Le Collectif des Groupements Intervenant dans l’Assainissement au Mali (COGIAM) dans le cadre de ses activités de plaidoyer, met en place la présente note de positionnement en vue d’apporter sa contribution dans la mise en œuvre de la Politique Nationale de l’Assainissement du Mali (PNA) adoptée en 2009. Les questions d’assainissement constituent des problèmes qui entravent le développement économique et social dans les villes du Mali. Les facteurs favorisant la persistance de la problématique de la dégradation du cadre de vie des populations des centres urbains du Mali sont entre autres :

– L’urbanisation croissante difficilement maitrisable par les décideurs politiques ;
– L’insuffisance d’infrastructures d’assainissement : pas de décharge finale (Le district de Bamako N’en dispose pas, depuis plus de 50 ans d’indépendance), la ville de Bamako avec plus de deux millions d’habitants, 6 communes, plus de 70 quartiers ne dispose que de 2 dépôts de transit digne de ce nom : le dépôt CFP près du stade Modibo KEITA et le dépôt Diésel à Darsalam ;
– L’insuffisance des équipements et de matériels de pré-collecte et collecte des déchets pour les GIE et la DSUVA ;
– La saturation des « dépôts de transit » d’ordures et multiplication des dépôts sauvages ;
– La pollutions et nuisances : infiltration de lixiviat, fumées toxiques, prolifération des insectes et rongeurs vecteurs de maladies ;
– L’obstruction des caniveaux et collecteurs entrainant des inondations terribles sont autant de maux qui dégradent l’environnement urbain de notre capitale.

La présente note s’appuie sur l’analyse de la Politique Nationale d’Assainissement adoptée en 2009 par le Gouvernement Malien. Des stratégies ont été élaborées et mises en œuvre pour assurer la réalisation de cette politique. Cette analyse permettra de mieux cerner les questions institutionnelles et opérationnelles du secteur en vue de faire des propositions de solutions.

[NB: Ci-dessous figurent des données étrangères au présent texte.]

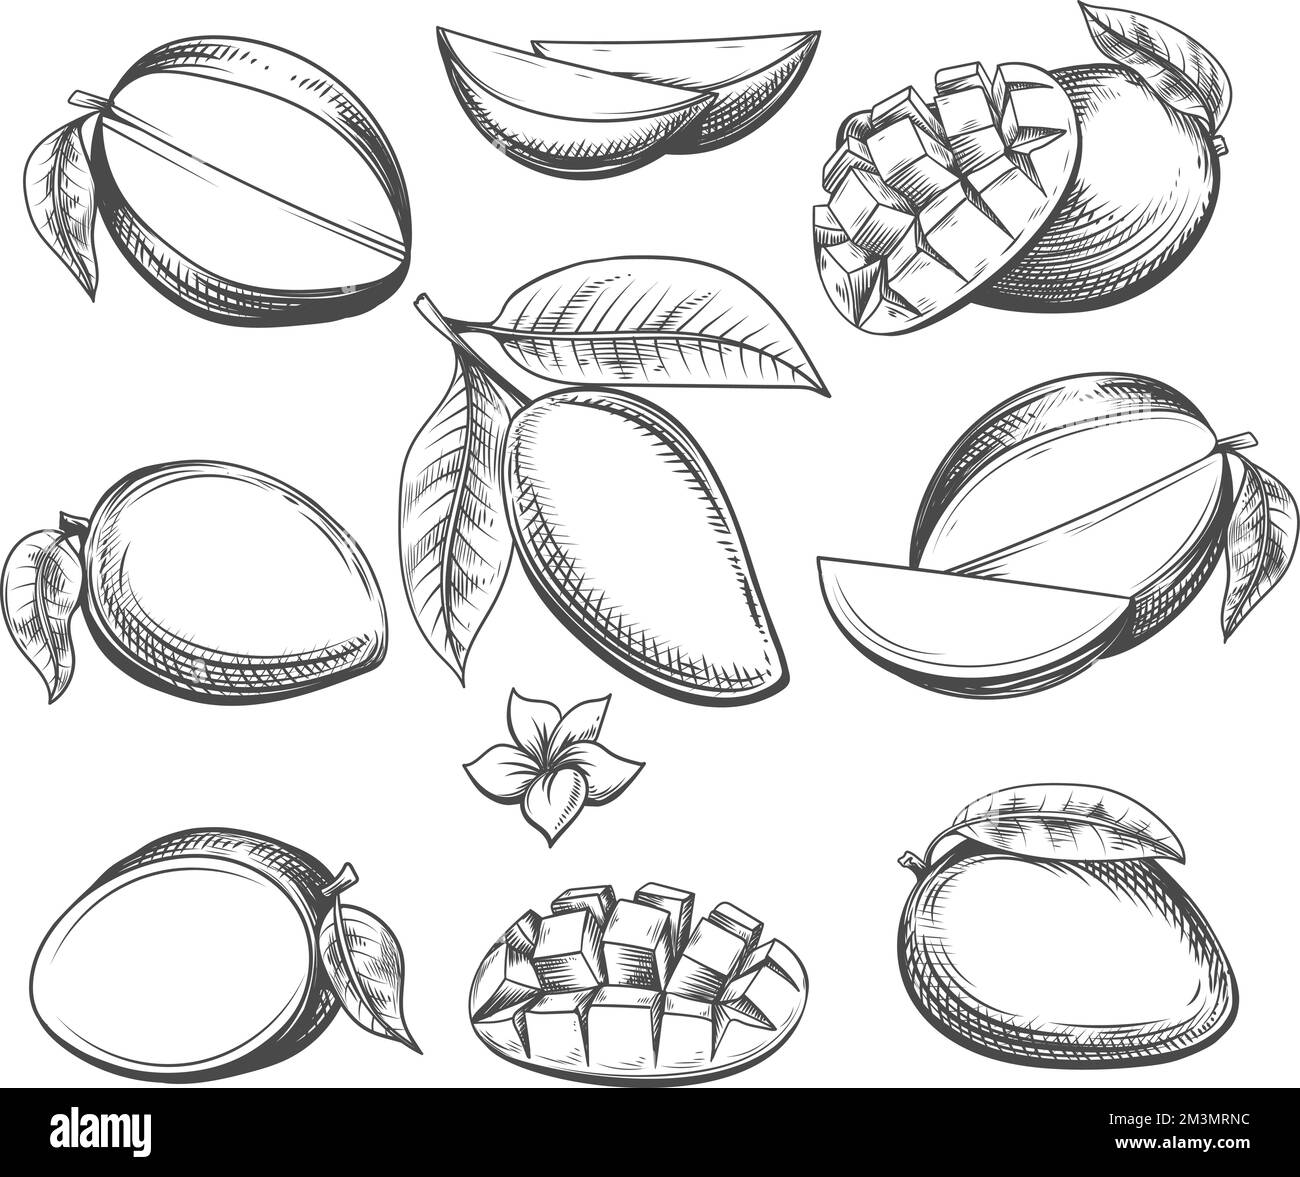 Mango fruits Black and White Stock Photos & Images - Alamy

I. Bref aperçu de la Politique Nationale d’Assainissement du Mali (PNA)

La Politique Nationale d’Assainissement (PNA) du Mali, adoptée en 2009, traite de l’assainissement dans sa globalité et s’accompagne de 5 stratégies sous-sectorielles relatives à :
– La gestion des déchets liquides ;
– La gestion des eaux pluviales ;
– La gestion des déchets solides ;
– La gestion des déchets spéciaux ;
– Le transfert des compétences en assainissement.

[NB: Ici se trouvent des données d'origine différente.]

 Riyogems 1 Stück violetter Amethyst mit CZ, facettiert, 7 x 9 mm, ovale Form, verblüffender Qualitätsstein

Ces documents définissent une série de principes directeurs, parmi lesquels on peut citer notamment :
– Confier chaque fonction au niveau de décision le plus approprié (principe de subsidiarité) ;
– Rendre les collectivités territoriales décisionnaires (principe de décentralisation) ;
– Dégager l’État des fonctions opérationnelles ;
– Favoriser les partenariats public-privé ;
– S’appuyer sur les services déconcentrés de l’État (déconcentration des services) ;
– Renforcer la coordination sectorielle ;
– Responsabiliser les usagers (principe du pollueur-payeur).

La PNA fixe un certain nombre d’objectifs à l’horizon 2025, notamment l’adoption de plans stratégiques d’assainissement (PSA) par les communes, et l’amélioration de la couverture de la collecte de déchets.

II. Déficits constatés dans la mise en œuvre de la Politique Nationale d’Assainissement

Plusieurs domaines de la Politique Nationale d’Assainissement (PNA) de 2009 ont connu de grandes insuffisances dans leur mise en œuvre, tels que la gouvernance du sous-secteur, la gestion des eaux usées et des excréta entre autres, ce qui justifie la note de positionnement du collectif afin d’apporter une réflexion dans la gestion des questions d’assainissement aussi bien au niveau national que local.

L’atteinte des objectifs du développement durable (ODD) concernant notamment l’assainissement (cible 6.2) prévoit 100% d’accès à un assainissement géré en toute sécurité, avec un équipement de lavage des mains au savon à l’horizon 2030 ainsi que la prise en compte de l’ensemble de la chaine de l’assainissement (cible 6.3) sont dans ces conditions loin d’être atteints au Mali. Il est opportun de rappeler que le Mali n’a pas atteint les OMD alors que les ODD, encore plus ambitieux, seraient plus lourd à porter par l’État seul sans les autres acteurs.

Il est opportun de rappeler que le Mali n’a pas atteint les OMD, alors des ODD, encore plus ambitieux, seraient plus lourds à supporter par l’État seul sans les autres acteurs. Les déficits qui perdurent dans le secteur de l’assainissement et les résultats obtenus qui sont très en deçà de ceux attendus rendent encore plus ardue la réalisation des ODD.

De manière précise les principaux déficits sont :

– Une faible mobilisation des ressources intérieures et extérieures en termes de financement de l’assainissement, ce déficit s’explique par l’absence de cadrage budgétaire précis ;
– Un taux d’accès à un assainissement liquide adéquat qui reste très faible que ce soit en milieu rural ou en milieu urbain. Par exemple, l’assainissement liquide non collectif, c’est-à-dire l’équipement en latrines ou fosses septiques, est souvent en dessous des normes fixées par l’OMS, et le traitement des boues de vidange laisse à désirer. Ou encore la gestion des boues de vidange demeure un réel problème dans la mesure où celles-ci sont déversées un peu partout dans le milieu naturel sans aucun traitement préalable;
– L’insuffisance d’infrastructures comme les dépôts de transit et les décharges finales contrôlées, l’insuffisance de mécanismes de gestion des déchets solides, le faible niveau de tri, de recyclage et de valorisation, une coordination très souvent insuffisante et même l’existence de conflits entre les différents acteurs de la chaîne de gestion des déchets, sont un ensemble de d’insuffisances qui affectent sérieusement le sous-secteur ;
– La gestion adéquate des déchets spéciaux, à l’exception des déchets biomédicaux des hôpitaux et centres de santé, est quasi inexistante. Elle ne fait l’objet d’aucune organisation et demeure un important sujet de préoccupation du fait des risques sanitaires majeurs que leur rejet dans l’environnement peut causer.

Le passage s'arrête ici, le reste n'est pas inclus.